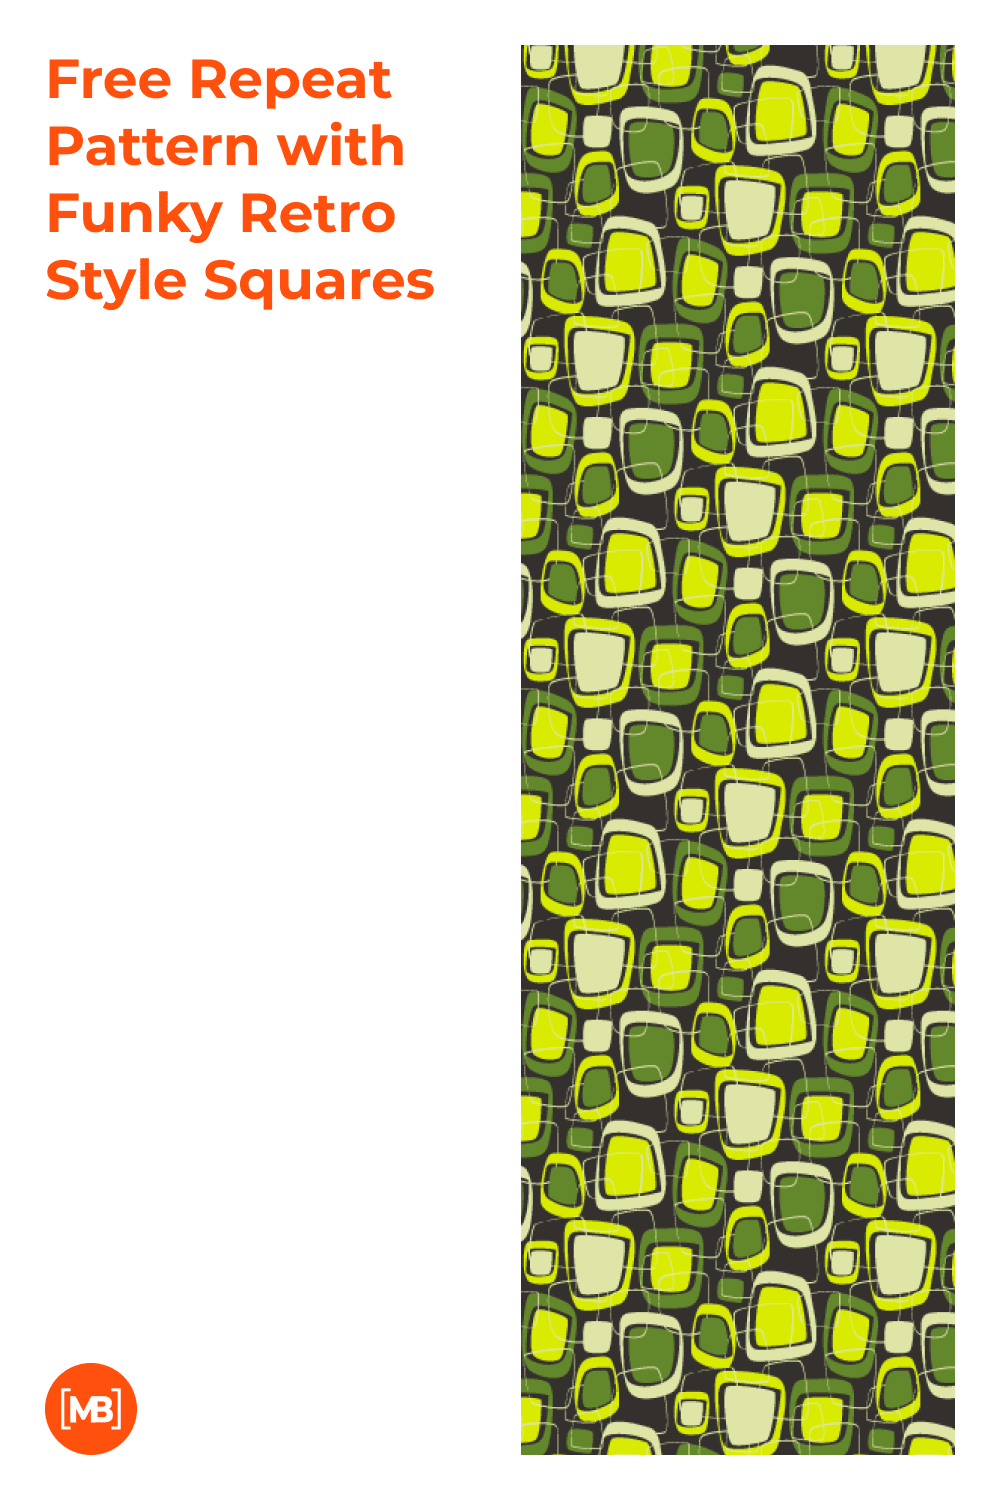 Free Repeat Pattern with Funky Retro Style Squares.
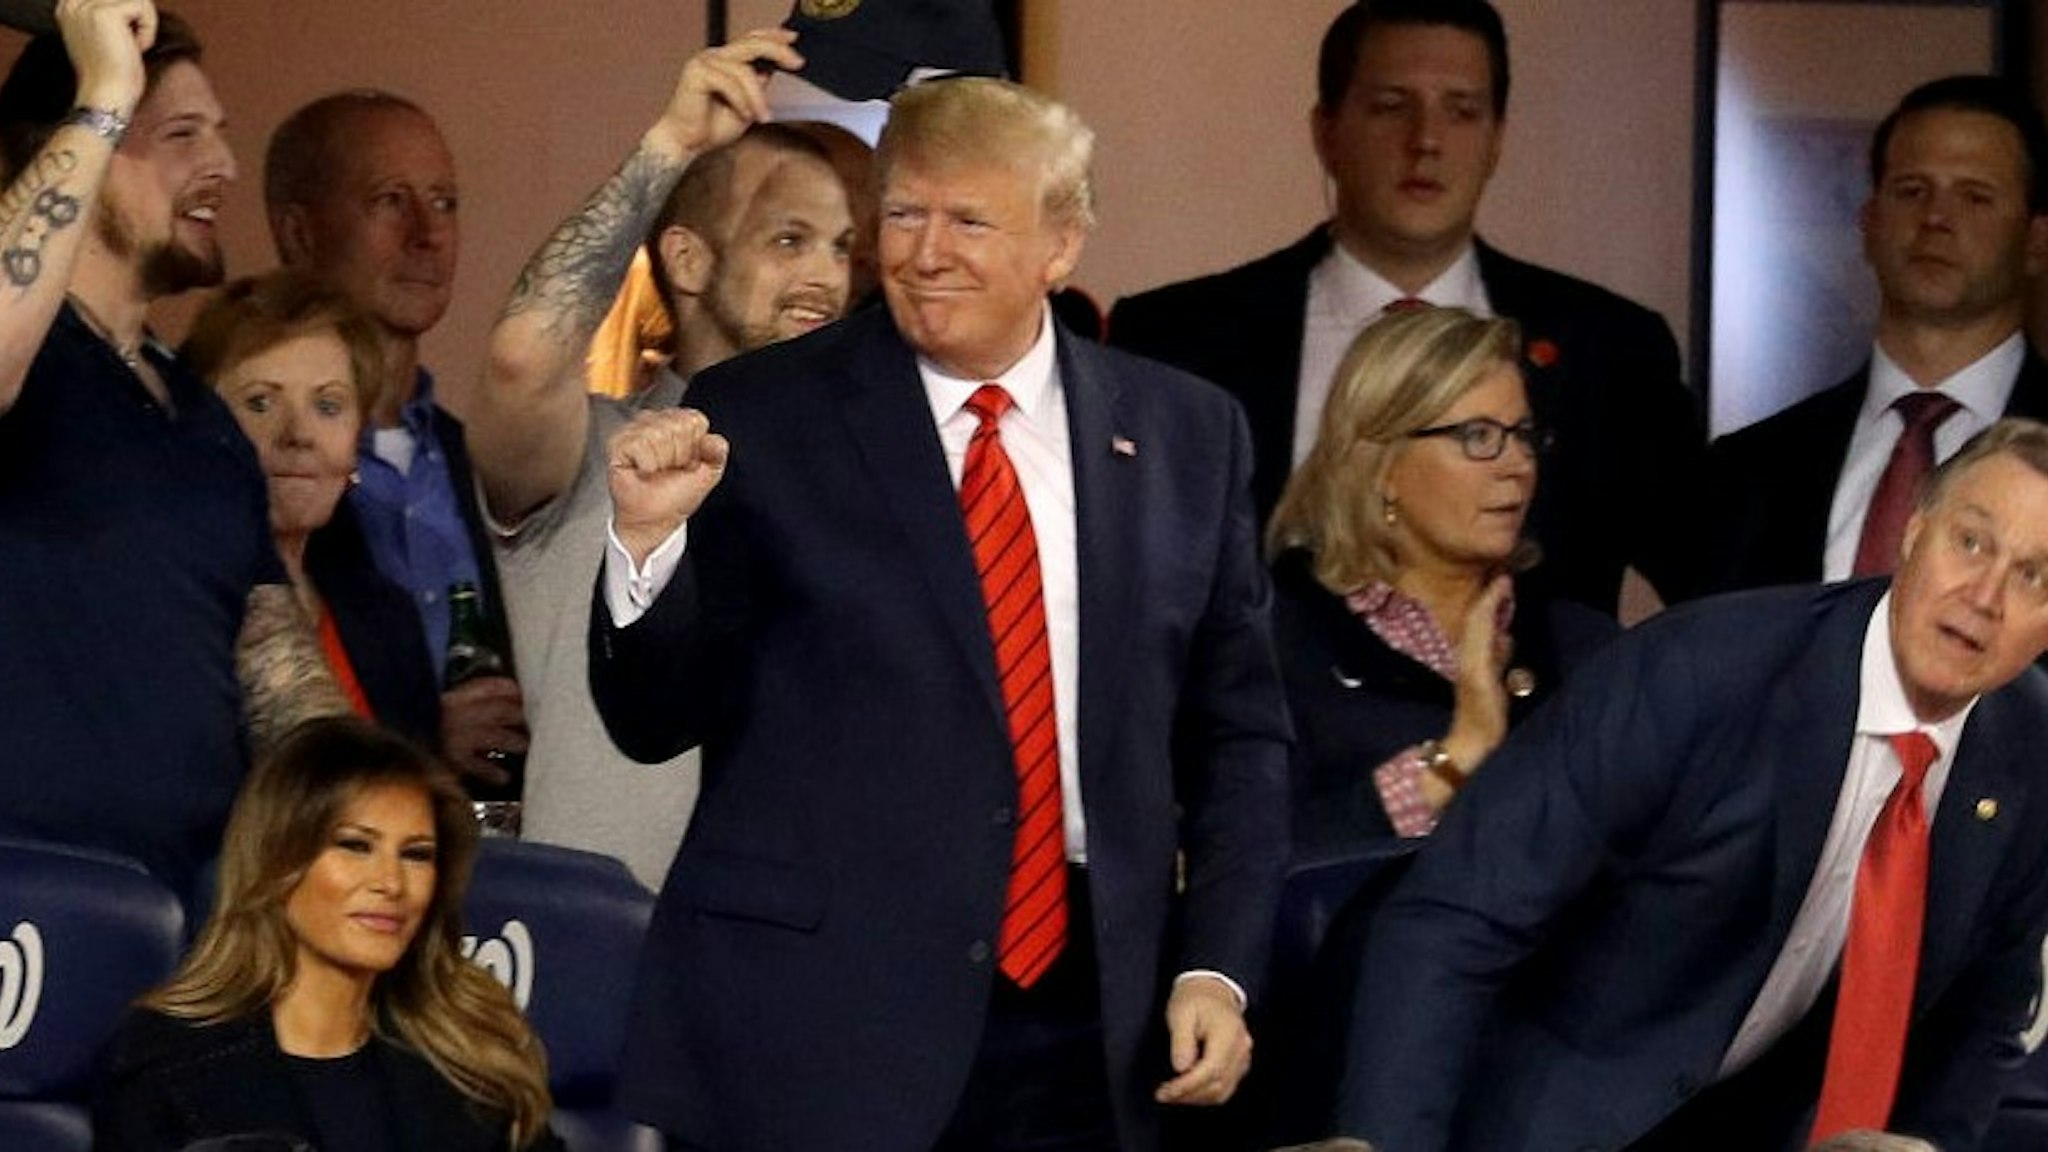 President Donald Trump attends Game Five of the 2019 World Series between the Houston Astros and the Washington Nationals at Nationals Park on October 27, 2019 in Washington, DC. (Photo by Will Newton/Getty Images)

...

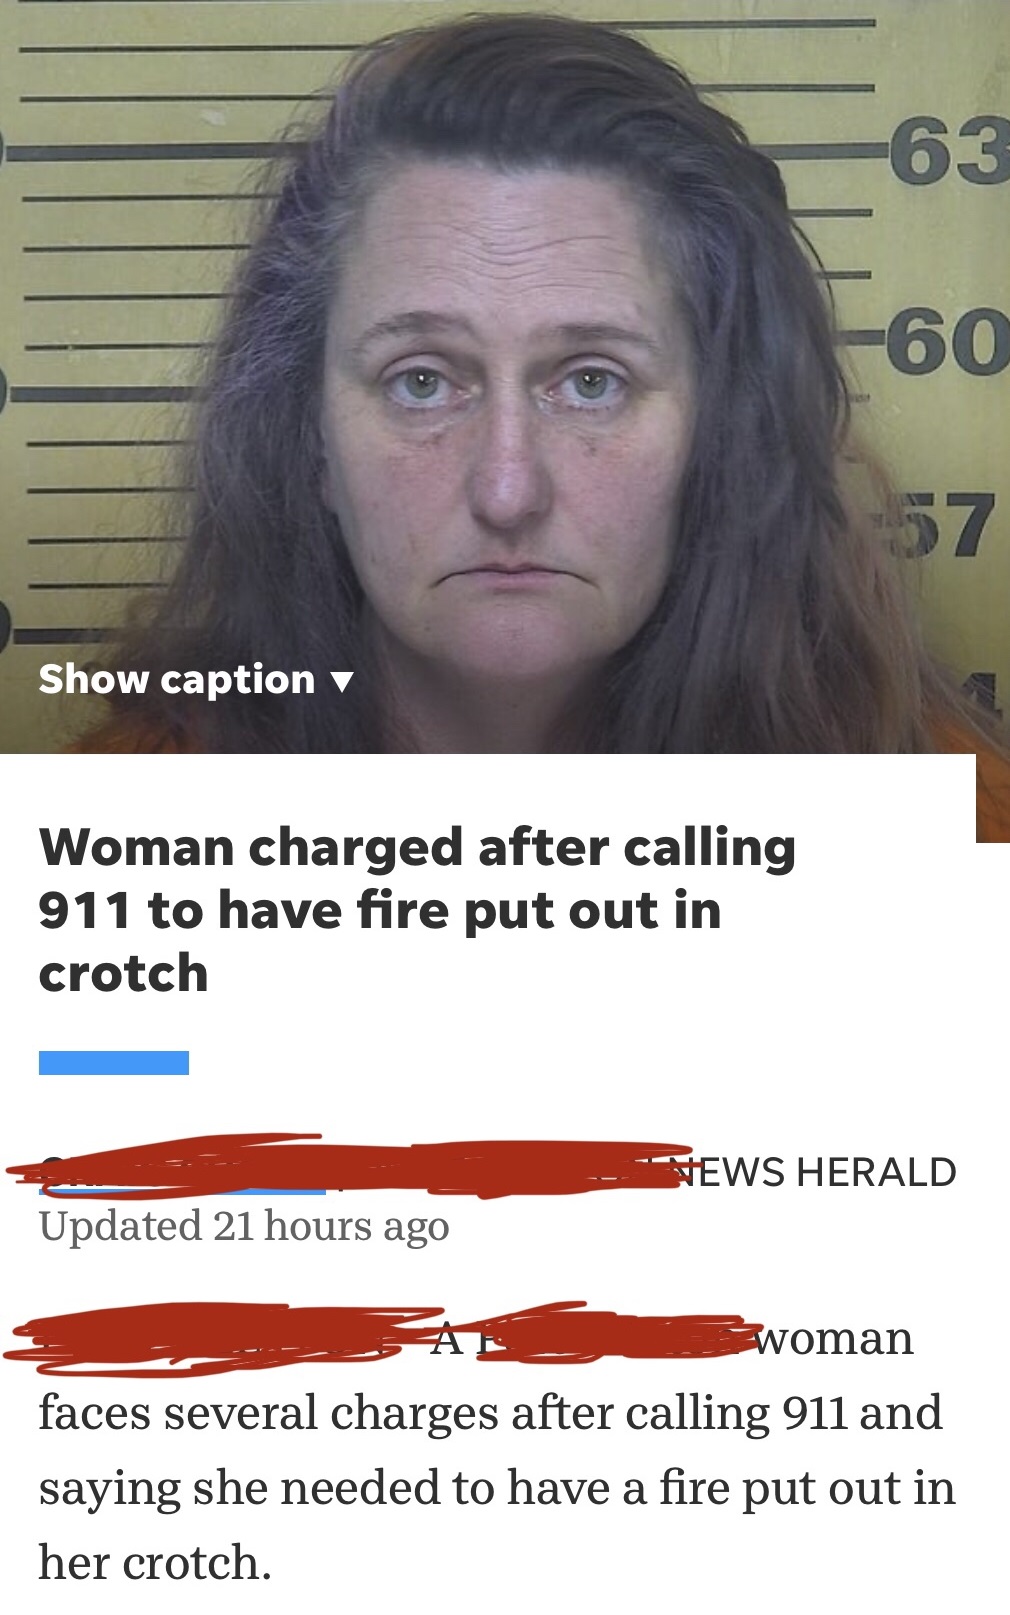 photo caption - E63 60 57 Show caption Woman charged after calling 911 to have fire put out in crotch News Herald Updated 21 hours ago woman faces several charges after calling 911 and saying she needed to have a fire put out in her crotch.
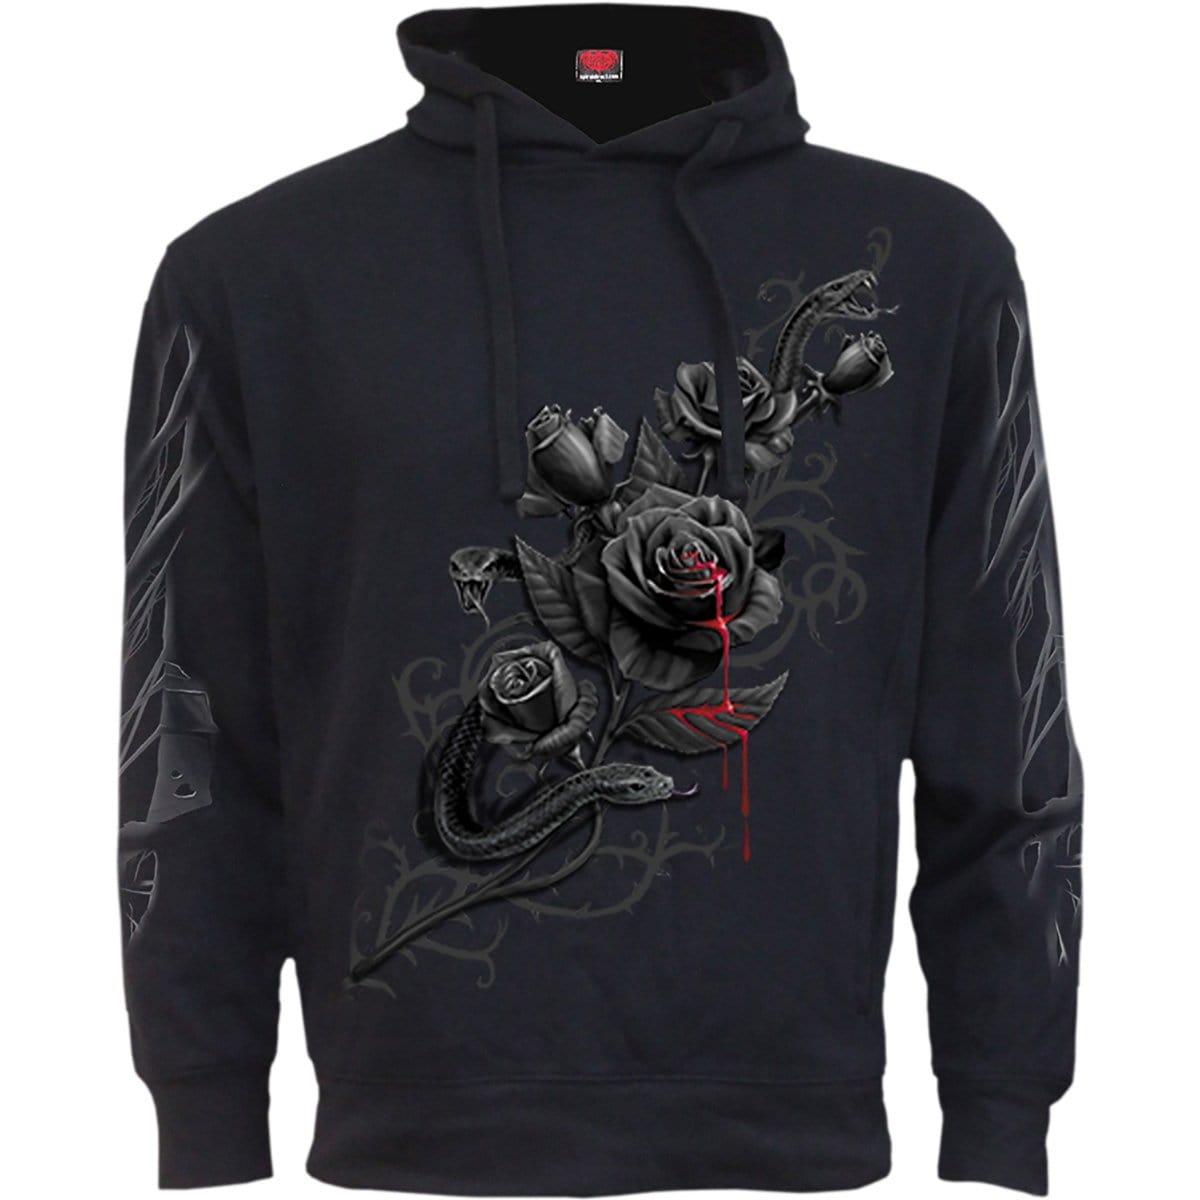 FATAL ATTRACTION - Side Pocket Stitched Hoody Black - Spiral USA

==

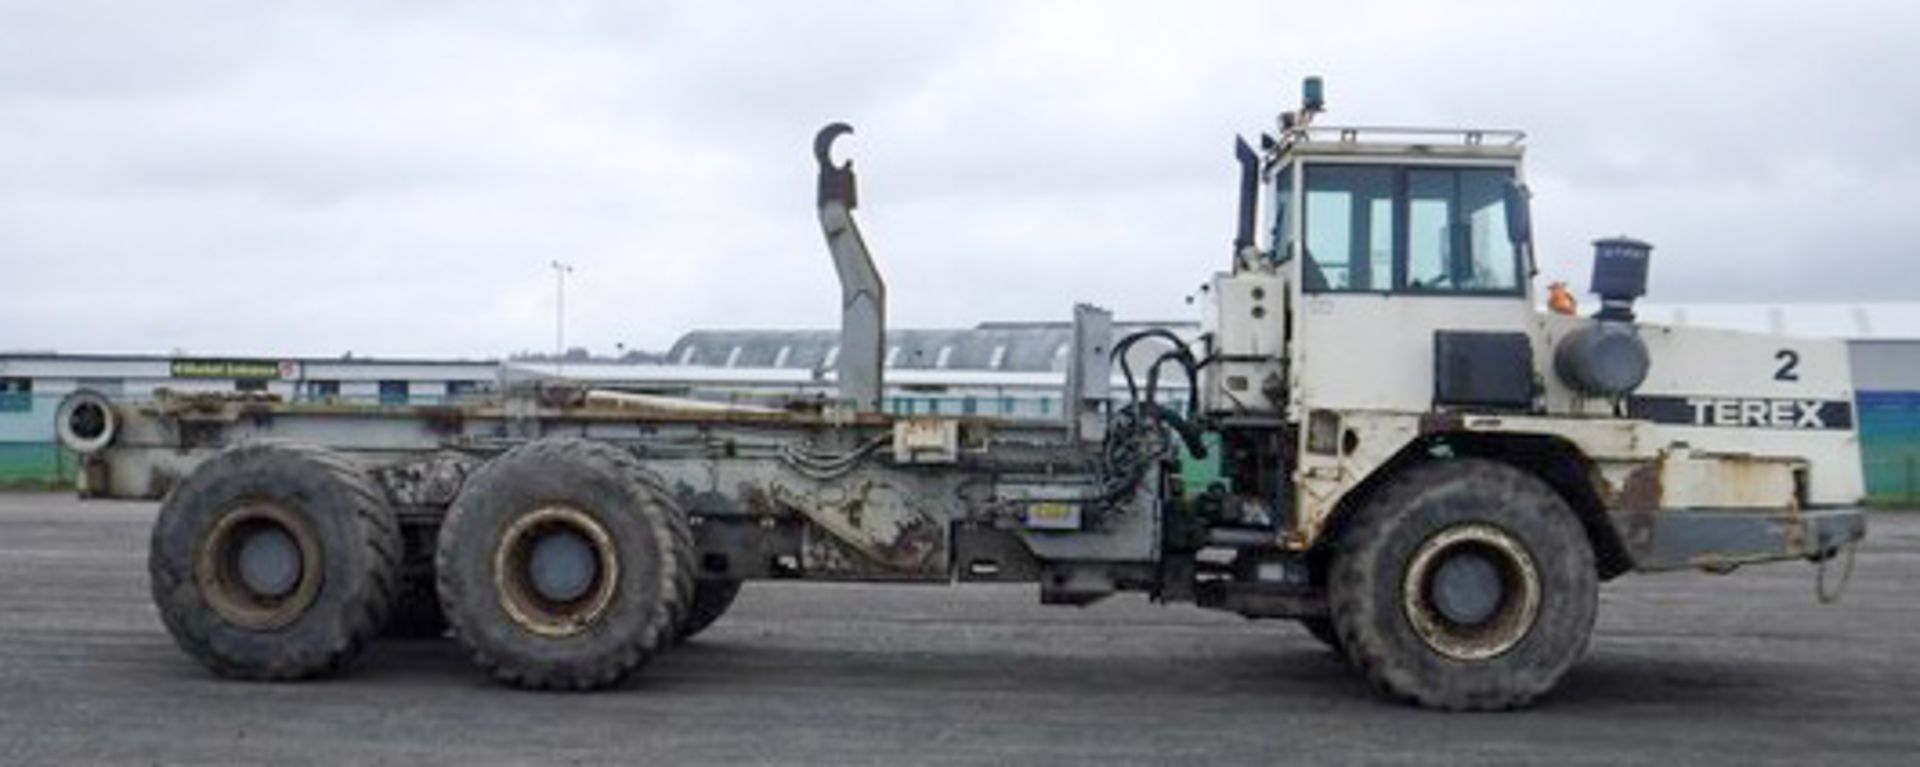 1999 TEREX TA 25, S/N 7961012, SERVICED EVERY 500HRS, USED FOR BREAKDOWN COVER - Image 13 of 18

* [TASK GOAL]
Everything from the line above that contains "photo caption - E63" down to the line that contains "FATAL ATTRACTION - Side" must be reproduced exactly, both ends included. Omit the pictures.

* [SOLUTION FOR THIS PROBLEM]
 photo caption - E63 60 57 Show caption Woman charged after calling 911 to have fire put out in crotch News Herald Updated 21 hours ago woman faces several charges after calling 911 and saying she needed to have a fire put out in her crotch.
 FATAL ATTRACTION - Side Pocket Stitched Hoody Black - Spiral USA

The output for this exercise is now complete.